Experimental and Numerical Investigation into the Mechanical Behavior of Composite Solid Propellants Subject to Uniaxial Tension

• Published in: Materials Vol. 16; no. 20; p. 6695
• Main Authors: Wu, Chengfeng, Jiang, Ming, Lu, Yingying, Qu, Hongjian, Li, Hongyan, Hu, Shaoqing
• Format: Journal Article
• Language: English
• Published: Basel MDPI AG 15.10.2023; MDPI
• Subjects: Algorithms; Automation; Behavior; Composite materials; Composite propellants; Computed tomography; Computer simulation; Constitutive models; Crack initiation; Damage; Evolution; Finite element method; HTPB propellants; Image processing; Investigations; Mathematical analysis; Mathematical models; Mechanical properties; Mechanics; Medical imaging; Microstructure; Polybutadiene; Simulation; Simulation methods; Solid propellants; Strain rate; Superelasticity; Tensile strength; Tensile tests; China
• ISSN: 1996-1944; 1996-1944
• DOI: 10.3390/ma16206695

To further explore the quasi-static mechanical characteristics of composite solid propellants at low strain rates, an investigation was conducted on the mechanical behavior and damage mechanisms of a four-component hydroxy-terminated polybutadiene (HTPB) propellant by means of experiments and numerical simulation. A uniaxial tensile test and scanning electron microscope (SEM) characterization experiment were carried out. A microstructural model, which accurately represents the mesoscopic structure, was developed via the integration of micro-CT scanning and image-processing techniques. The constructed microstructural model was utilized to conduct a numerical simulation of the mechanical behavior. The experimental results demonstrated that the maximum tensile strength increases with increasing strain rate, and the primary cause of propellant failure at low strain rates is the dewetting phenomenon occurring at the interface between the larger particles and the matrix. The maximum tensile strength is 0.48 MPa when the strain rate is 0.00119 s−1, and the maximum tensile strength is 0.37 MPa when the strain rate is 0.000119 s−1. The simulation results indicated a consistent trend in variation when comparing the simulation and experimental curves. This suggested that the established model exhibits a high level of reliability, and provides a promising approach for carrying out microstructural simulations of heterogeneous propellants in future.

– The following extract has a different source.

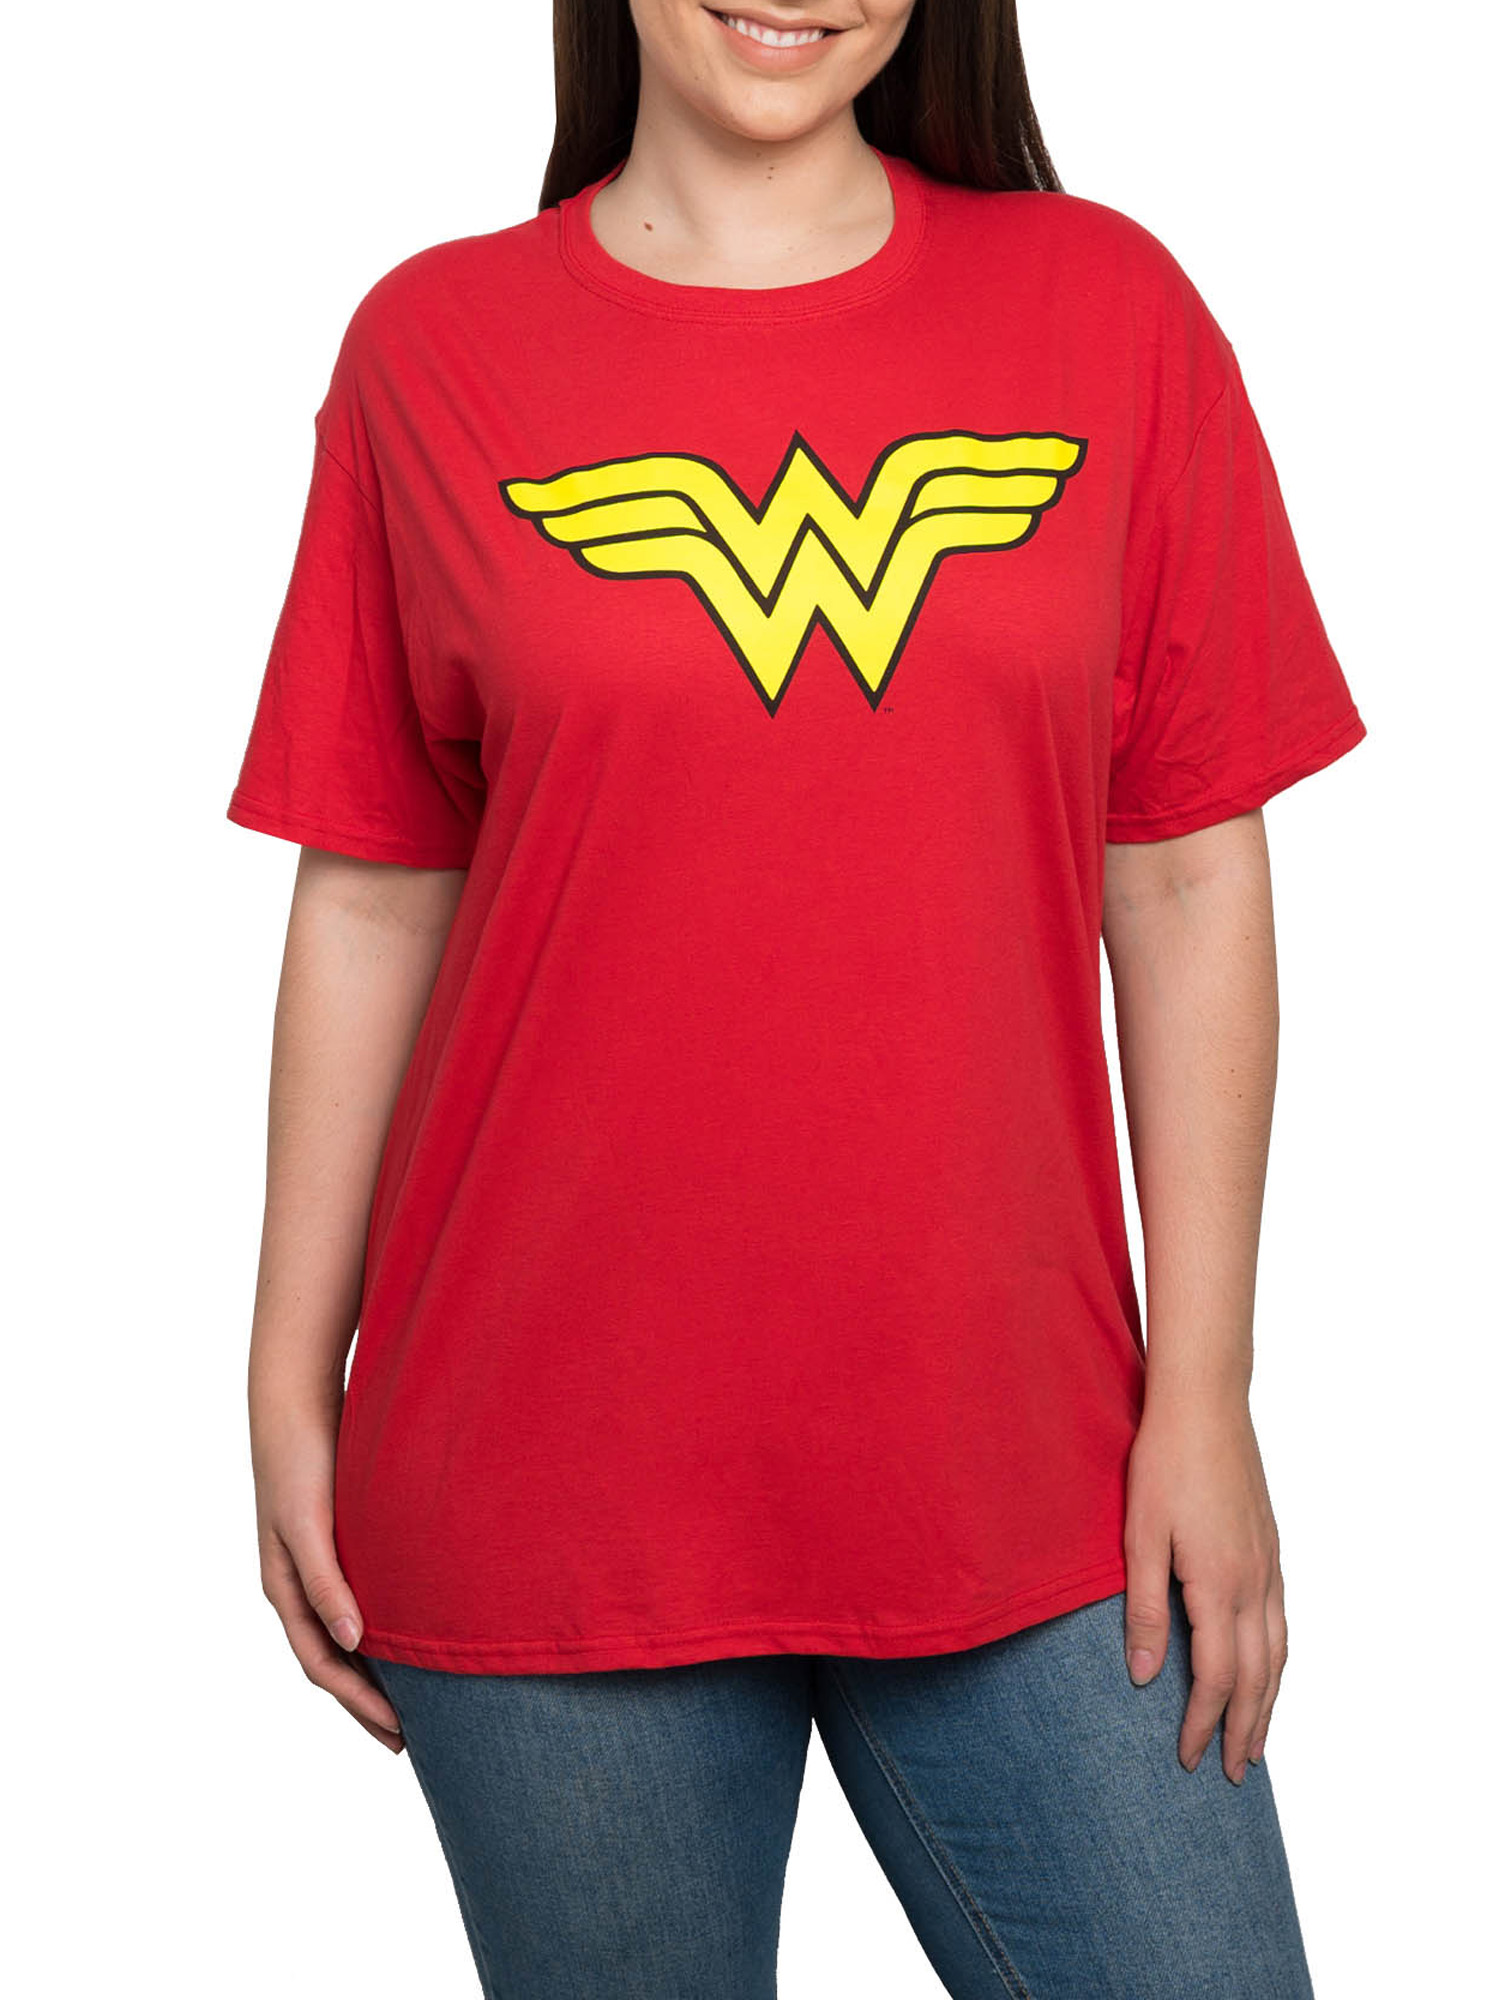 DC Comics Wonder Woman Short Sleeve T-Shirt Red (Women's Plus) - image 1 of 4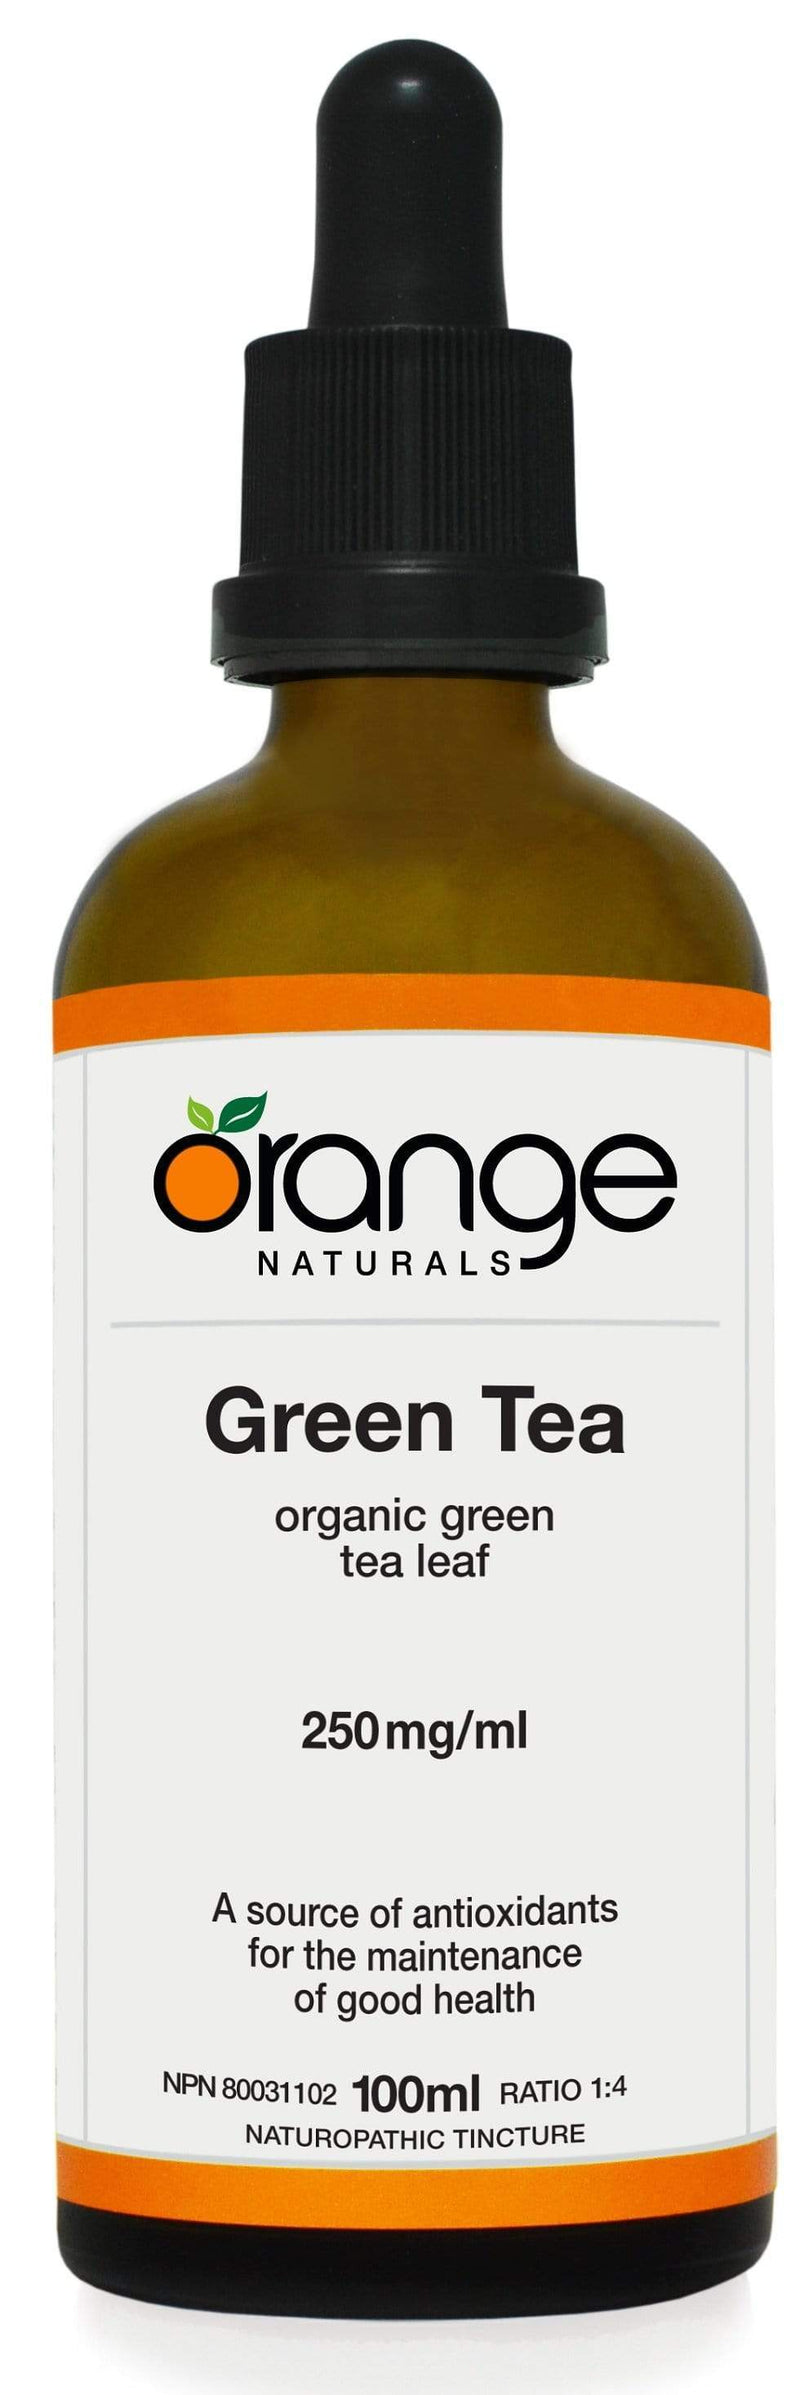 Orange Naturals Green Tea

The mechanical behavior of the propellant can be effectively described by utilizing a mesoscopic finite element model that incorporates the superelastic constitutive model of the matrix and the bilinear cohesive model. This framework facilitates the representation of mesoscopic damage evolution, which consequently provides insights into the damage mechanism. Additionally, the utilization of such models assists in compensating for the limitations of damage evolution characterization experiments.